The report doesn't hem and haw the way the White House does. It doesn't speak in tortured sentences to suggest that the scientific community isn't convinced. It hasn't been proof-read and edited by Exxon/Mobil. It says it plain: "Rather than decades or even centuries of gradual warming, recent evidence suggests the possibility that a more dire climate scenario may actually be unfolding." The report was commissioned "to develop a plausible scenario for abrupt climate change that can be used to explore implications for food supply, health and disease, commerce and trade, and their consequences for national security."
Here's the "plausible scenario" that the Pentagon envisions:
"By 2005 the climatic impact of the shift is felt more intensely in certain regions around the world. More severe storms and typhoons bring about higher storm surges and floods in low-lying islands such as Tarawa and Tuvalu (near New Zealand). In 2007, a particularly severe storm causes the ocean to break through levees in the Netherlands making a few key coastal cities such as The Hague unlivable. Failures of the delta island levees in the Sacramento River region in the Central Valley of California creates an inland sea and disrupts the aqueduct system transporting water from northern to southern California because salt water can no longer be kept out of the area during the dry season... As glacial ice melts, sea levels rise and as wintertime sea extent decreases, ocean waves increase in intensity, damaging coastal cities. Additionally millions of people are put at risk of flooding around the globe (roughly 4 times 2003 levels), and fisheries are disrupted as water temperature changes cause fish to migrate to new locations and habitats, increasing tensions over fishing rights."

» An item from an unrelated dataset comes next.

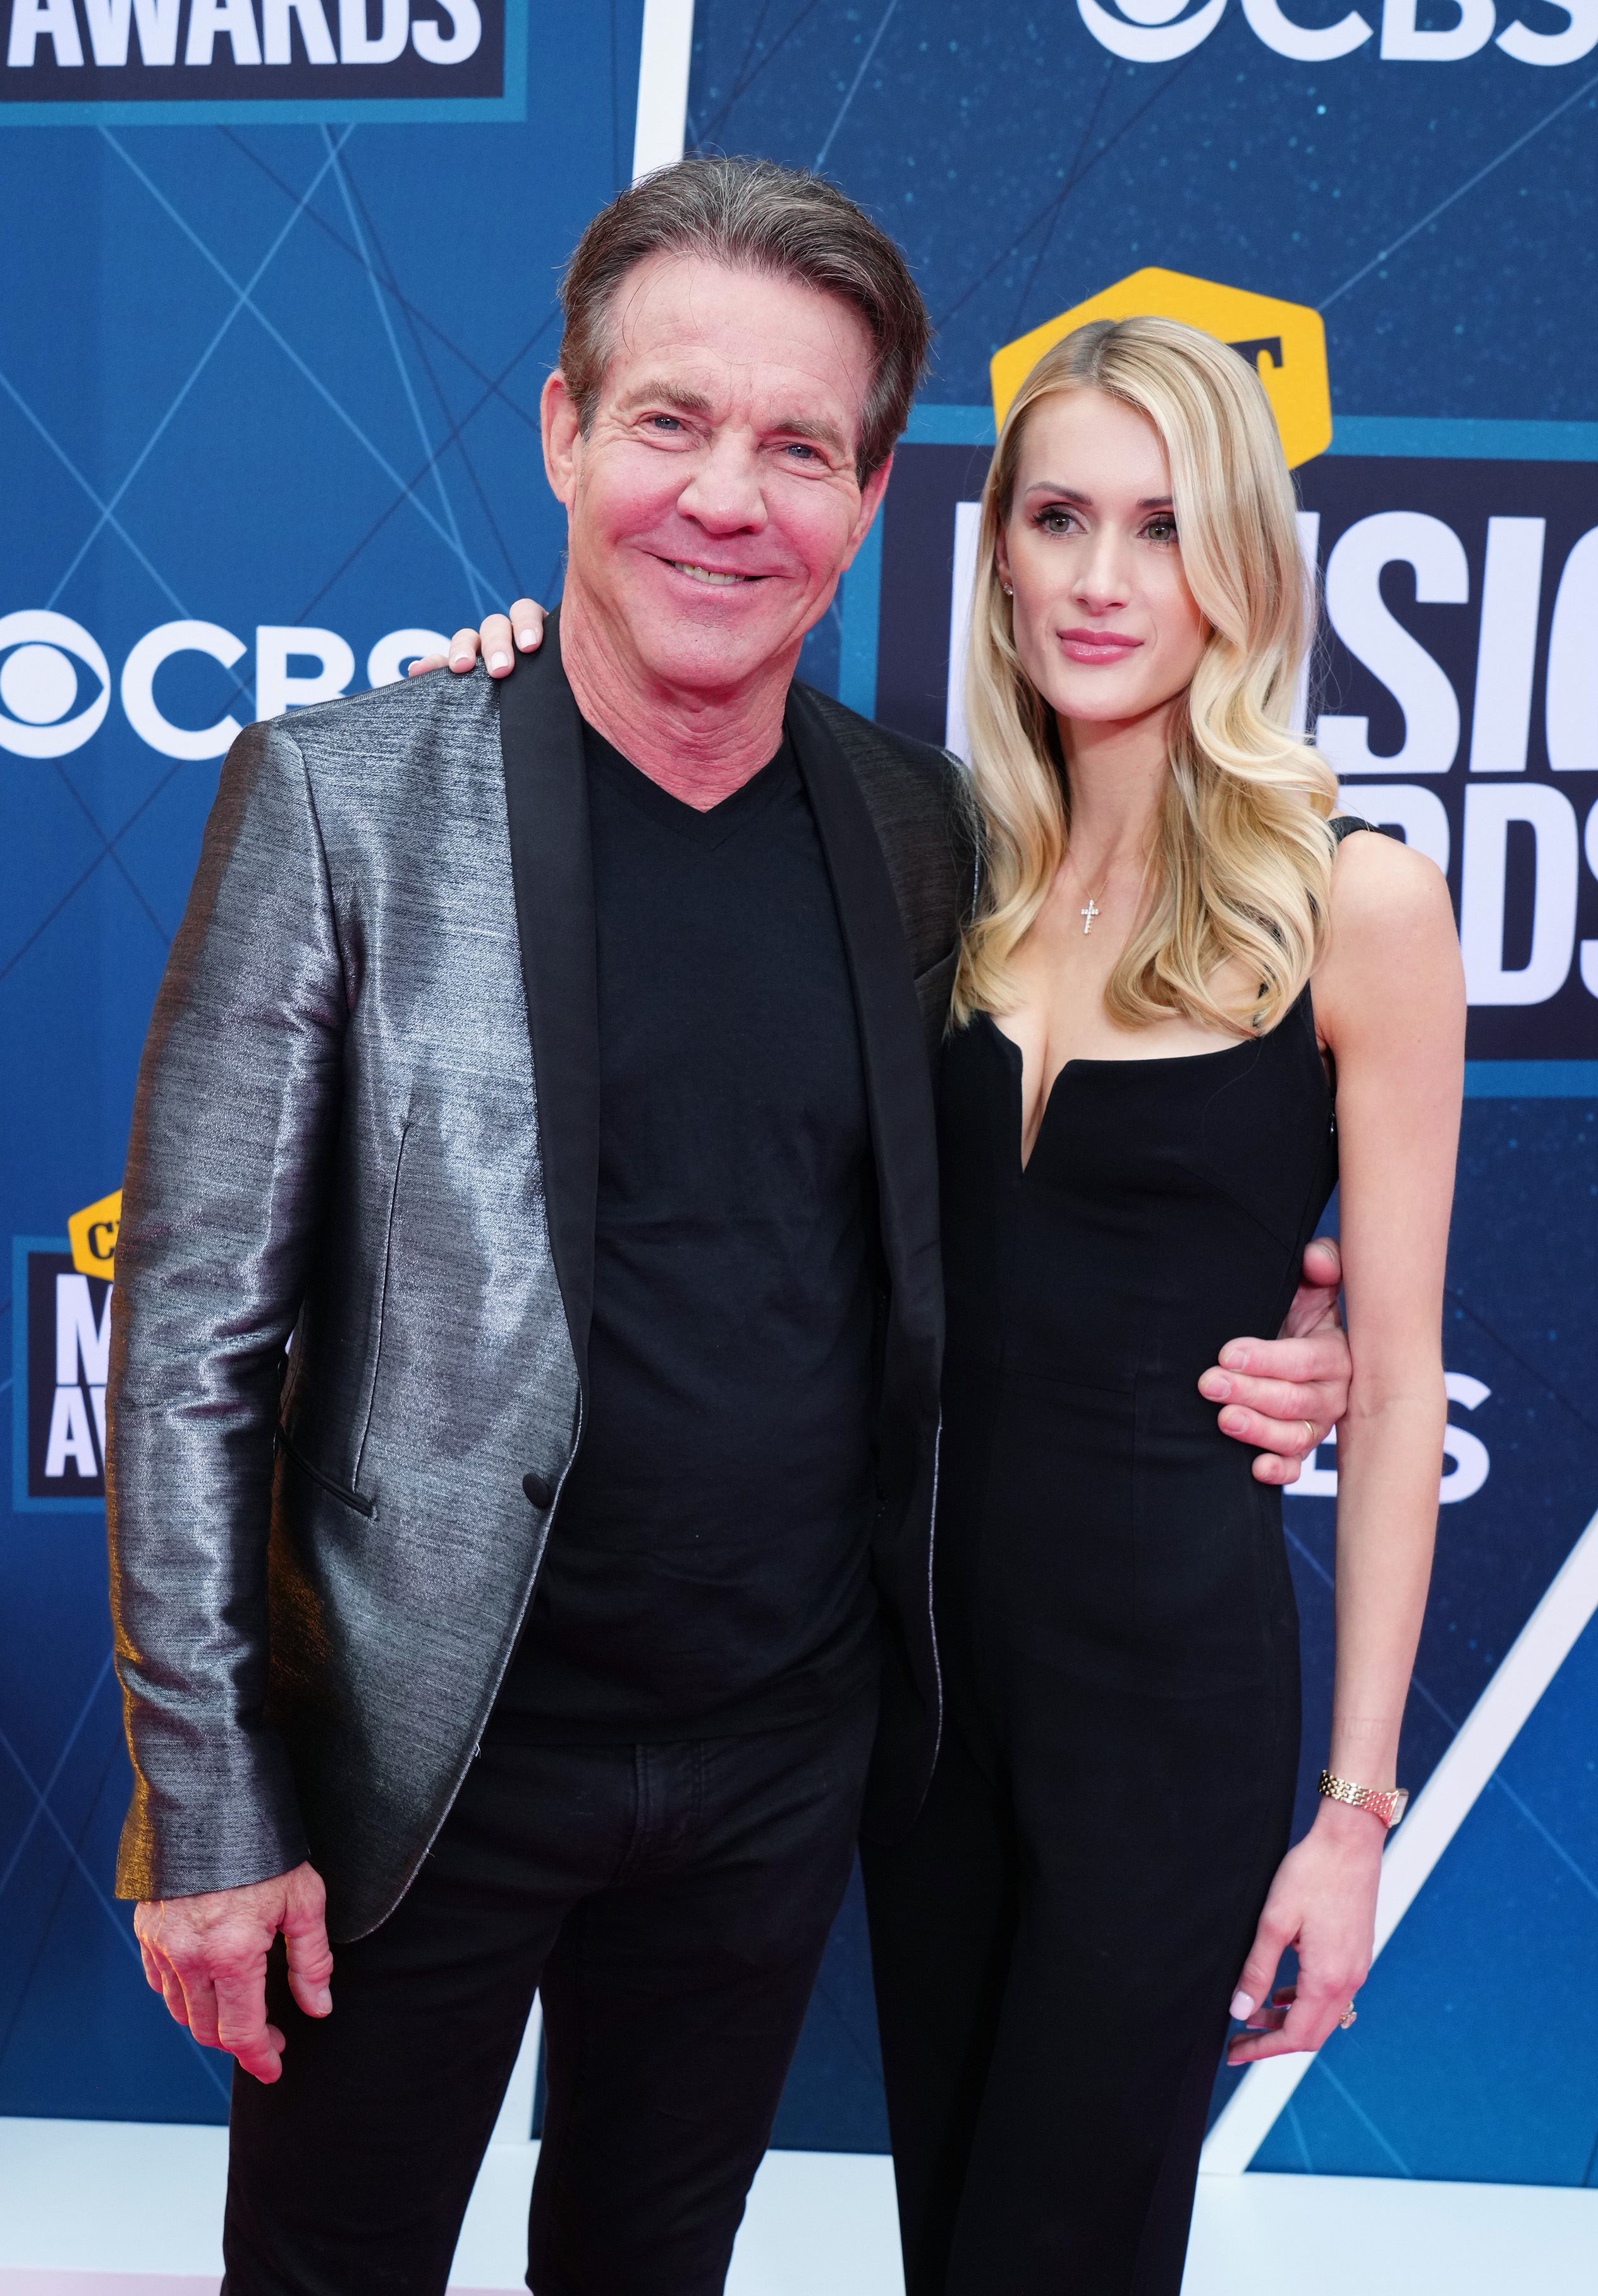 <p><a href="https://www.wonderwall.com/celebrity/profiles/overview/dennis-quaid-1083.article">Dennis Quaid</a>'s fourth wife, Laura Savoie, is 39 years his junior. The actor -- seen here with Laura at the <a href="https://www.wonderwall.com/awards-events/a-lightning-storm-couldnt-stop-these-stars-see-all-the-big-names-braving-the-bad-weather-at-the-2022-cmt-music-awards-585190.gallery">2022 CMT Music Awards</a> -- was 65 when he was first photographed with the then-26-year-old graduate student in May 2019 (reports revealed they'd been dating for several months at the time). Dennis proposed in Hawaii in October 2019 and they married in June 2020. Laura, who was valedictorian of her class at Pepperdine University and previously dated actor Jeremy Piven, has been working toward her doctorate in accounting at the University of Texas at Austin, where she's a teaching and research assistant. But this isn't the first time Dennis has romanced a significantly younger woman... </p>

The Pentagon foresees fishing wars between Spain and Portugal. Pakistan, India, and China - all armed with nuclear weapons - skirmish at their borders over refugees, access to shared rivers, and arable land. Bangladesh becomes uninhabitable. Drought hits the American breadbasket. Britain's weather begins to resemble Siberia. India, South Africa, and Indonesia are ripped apart by civil war. And ultimately, the report forecasts a decrease in the planet's human carrying capacity, leading to sharp reductions in the world's population due to starvation, disease, and war.
Bush: "the jury is still out on global warming."
But so far, George Bush is sticking to the line that the Kyoto treaty was "unscientific," that "the jury is still out" on global warming, and that everyone "misunderestimates" him. Actually, Mr. Bush, the jury's been in for some time, and now even a report commissioned by your own Pentagon is saying you're wrong. Perhaps it's time you focussed on the real terrorist threat to our planet: the oil companies like Exxon which continue to fund your re-election, and whose interests you continue to defend at the expense of our future.
While you're pursuing policies that accelerate the production of greenhouse gases and continuing to deny the existence of a threat, the World Bank is being told it has to stop subsidizing Armageddon, and the Pentagon is war-gaming ways to survive a catastrophe it's calling plausible. If you were willing to launch a pre-emptive war on enemies you believe may someday think about attacking the US, wouldn't it seem prudent to take pre-emptive action against climate change?